Not in the standard Arduino workflow. The ESP32-S3 runs WiFi/BLE firmware and communicates with the RA4M1 via a serial bridge. For direct ESP32-S3 programming, use the Arduino Nano ESP32 instead.
Arduino Uno R4 WiFi vs ESP32-S3: which should I choose?
Choose the Uno R4 WiFi for shield compatibility, Arduino ecosystem, education, and CAN bus. Choose the ESP32-S3-DevKitC for raw performance (5x faster CPU), camera support, 8MB PSRAM, and direct access to all ESP32-S3 features.
Does the Uno R4 WiFi work with existing Arduino shields?
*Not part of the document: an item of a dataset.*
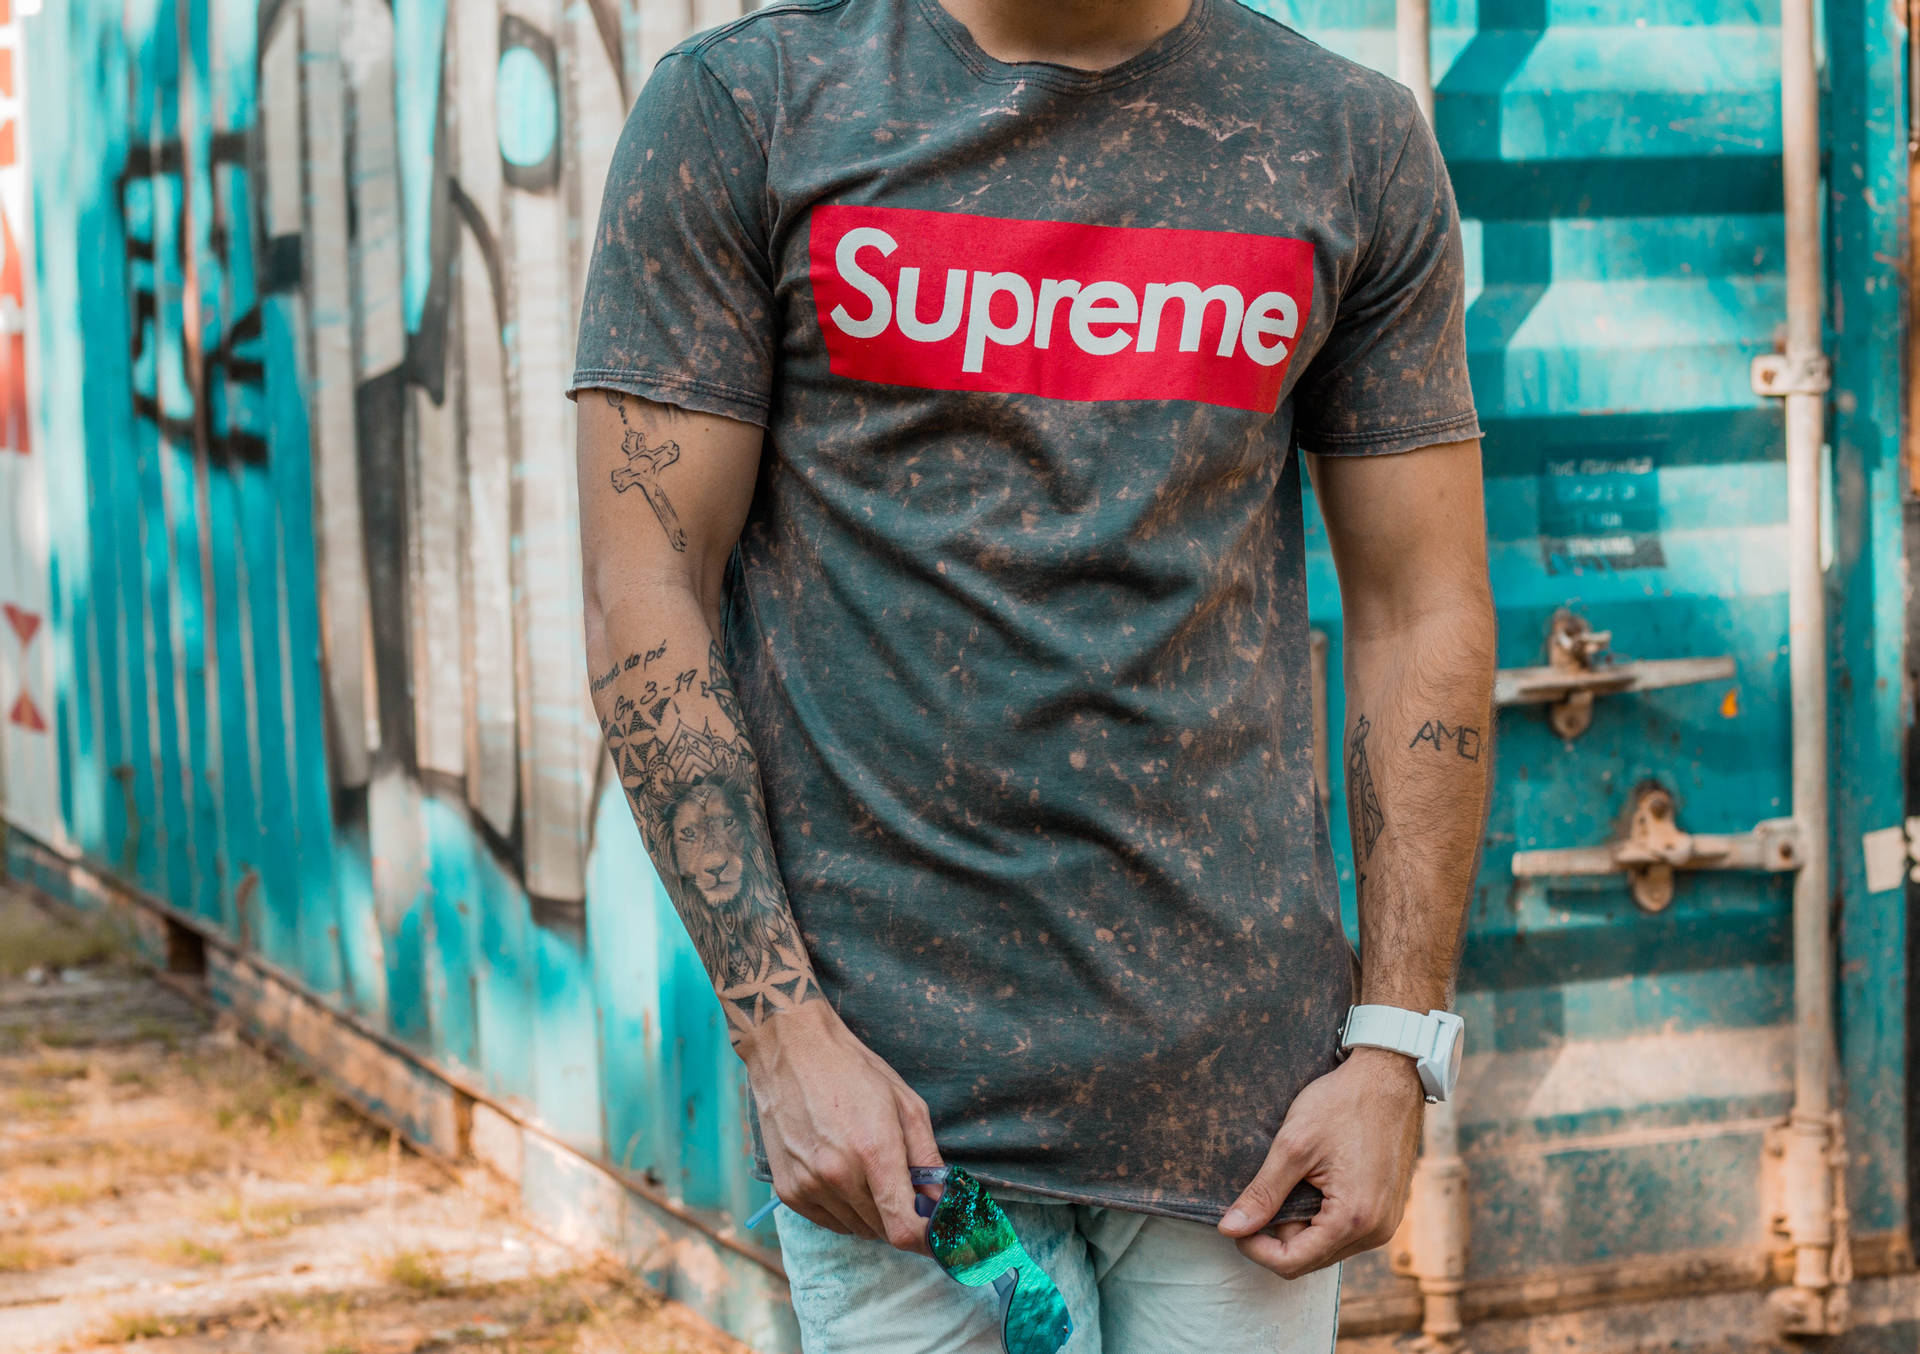 5173X3648 Supreme Wallpaper and Background

Yes. It maintains the classic Uno R3 pin layout and 5V logic level. Most shields designed for any Arduino Uno will work physically and electrically. Check individual shield library compatibility with the RA4M1 processor.
What is the LED matrix for?
The 12x8 red LED matrix is built into the board and controlled via the Arduino LED_Matrix library. It can display scrolling text, simple animations, icons, and sensor readings without any external display or wiring.
Can the Uno R4 WiFi do Bluetooth?
Yes. The ESP32-S3 coprocessor provides BLE 5.0. Use the ArduinoBLE library for BLE peripheral and central roles. Bluetooth Classic is not supported — only BLE.